Forecasting how biodiversity will change in the future due to natural and anthropogenic impacts is a primary focus of both ecology and evolutionary biology. By understanding the historical processes influencing the current geographic distribution of biodiversity, we can determine the relative importance of different factors shaping biodiversity, now and in the future. The main question that drove this dissertation: What historical processes led to the current distribution of diversity across the landscape? One omnipresent influence on the geographic distribution of diversity at multiple levels– e.g., genes and species– is climate. Understanding the spatial distributions of intraspecific genetic diversity and the role of climate and climate refugia in evolutionary and ecological processes is important because it shapes species potential for persistence in the face of future climate change. My dissertation focuses on how populations have responded to past climate change, and how the historical distributions and past areas of climate refugia will influence future climate change responses, using mammals as the study system.

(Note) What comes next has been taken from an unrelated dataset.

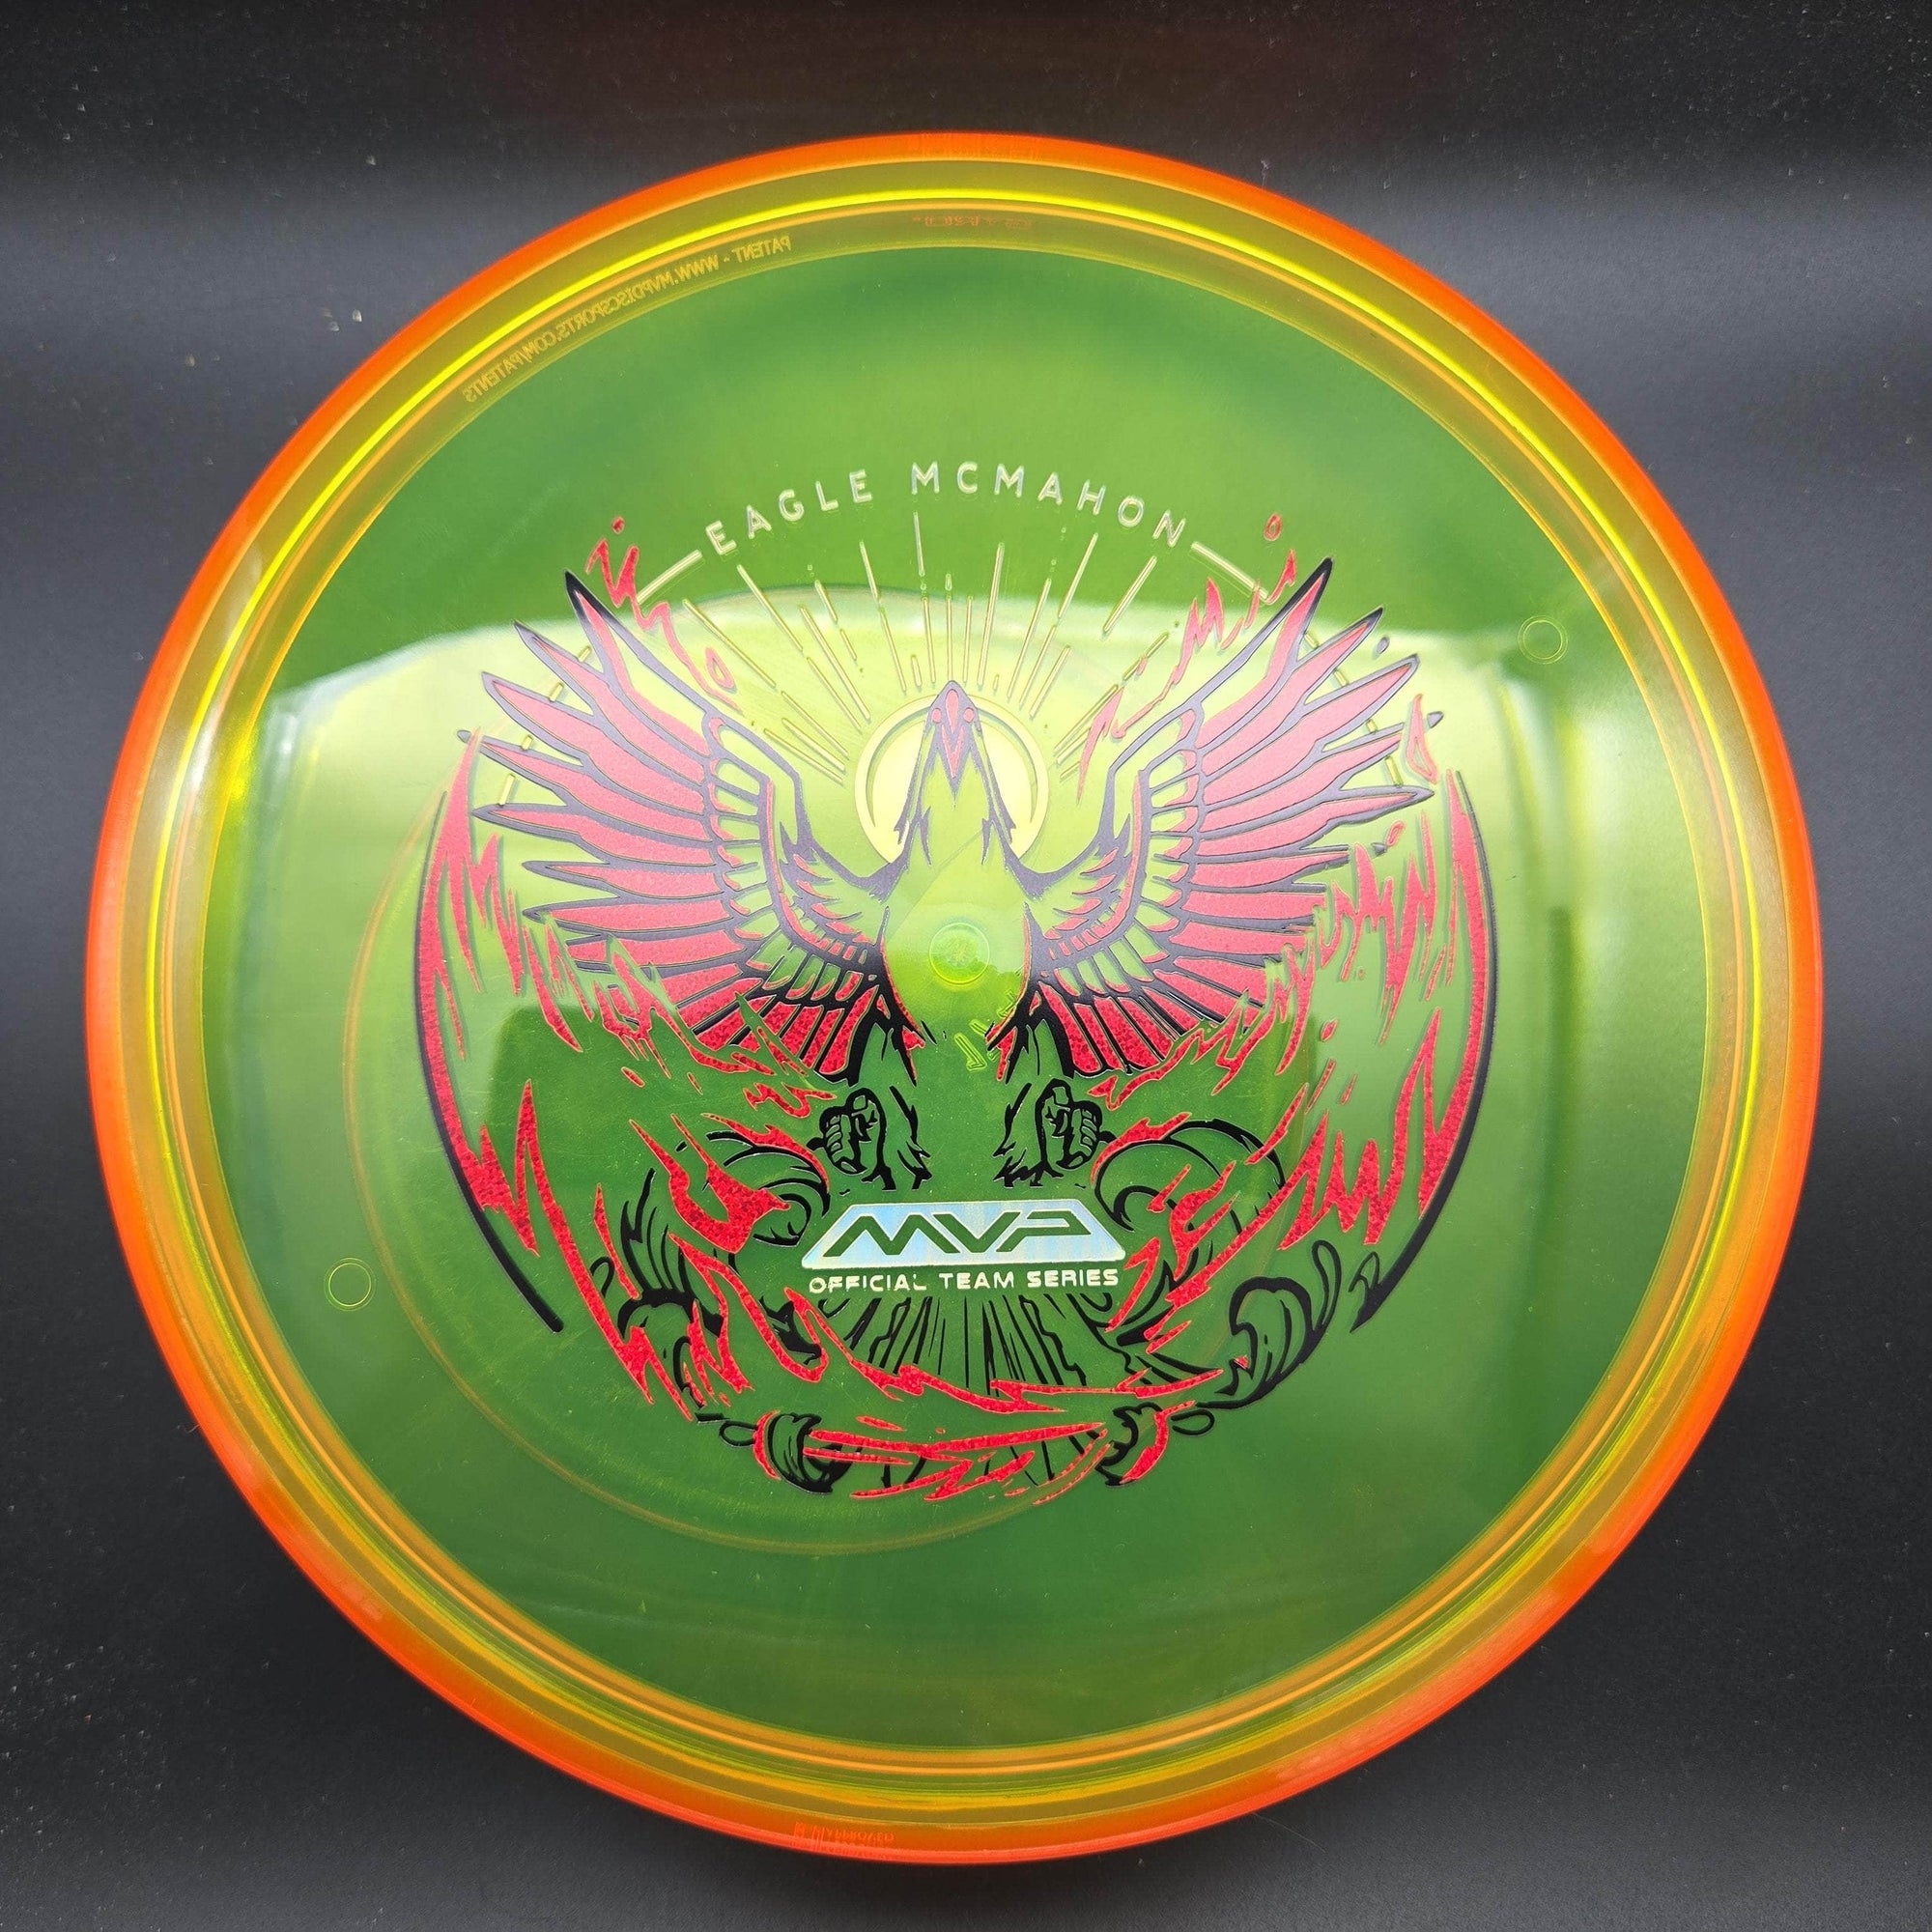 Axiom Putter Orange Rim Yellow Plate 174g Envy, Prism Proton, Eagle McMahon Special Edition

Studying population histories through time, we can uncover how different populations with similar genetic reservoirs respond differently to the same environmental stressor (climate). Determining how the distribution of intraspecific diversity of North American taxa was directly influenced by climate and landscape changes may illuminate broad-scale patterns of species’ responses to other climatic events, or more generally, to barriers impeding or constraining gene flow. My dissertation research utilized an interdisciplinary approach– next generation sequencing; GIS data; ecological modeling; bioinformatics– to understand how historical events have shaped the current distribution of genetic diversity within mammals. My aim was to study how mammal populations respond to climate change through time by determining the range dynamics and potential areas of refugia (Chapter 2 and 3). Understanding the spatial distributions of intraspecific genetic diversity and the role of climate refugia in the evolutionary and ecological processes of populations is important because it may determine their potential for persistence in the face of future climate change. My dissertation examined how two small mammals responded to the glacial cycles of the Pleistocene in North America. First, I determined Neotoma fuscipes has three historical populations in California—two northern and one southern population (Chapter 2). The major split between the northern and southern populations is older than 1.7 million years and occurred in the San Francisco Bay-Delta region, a historically significant region with high lineage diversification in mammals, amphibians, and reptiles. I detected multiple refugia within the species, including several origins of expansions and contractions (particularly with the northern populations). Second, I examined two western lineages within Peromyscus maniculatus and identified three main populations: 1) southern California; 2) a small population nested within the broader Pacific Northwest; 3) the Pacific Northwest through central California and across the Rocky Mountains (Chapter 3). These populations diverged within the last 160,000 years with very little migration, and evidence of recent population expansion. I found evidence for multiple areas of refugia including southeastern Alaska, a known refugia for several mammal species.
In order to connect patterns and processes observed in the past with projections of change for the future, I pair my focus on generating empirical genetic & genomic data with different modeling types. Specifically, ecological niche models (ENM) are powerful tools for approximating the abiotically suitable area of a species by comparing environmental conditions at localities where the species occurs with the overall conditions available in the study region. Many ENM studies struggle with small sample sizes, but modeling widely distributed and well-sampled cosmopolitan species raises computational issues as well (Chapter 1). I thus determined the number of localities needed to model the distribution of a cosmopolitan species (Peromyscus maniculatus) with many occurrence records. I discovered when modeling species with a large number of occurrence records, it may not be necessary to use all localities for ENMs and could potentially affect model performance negatively.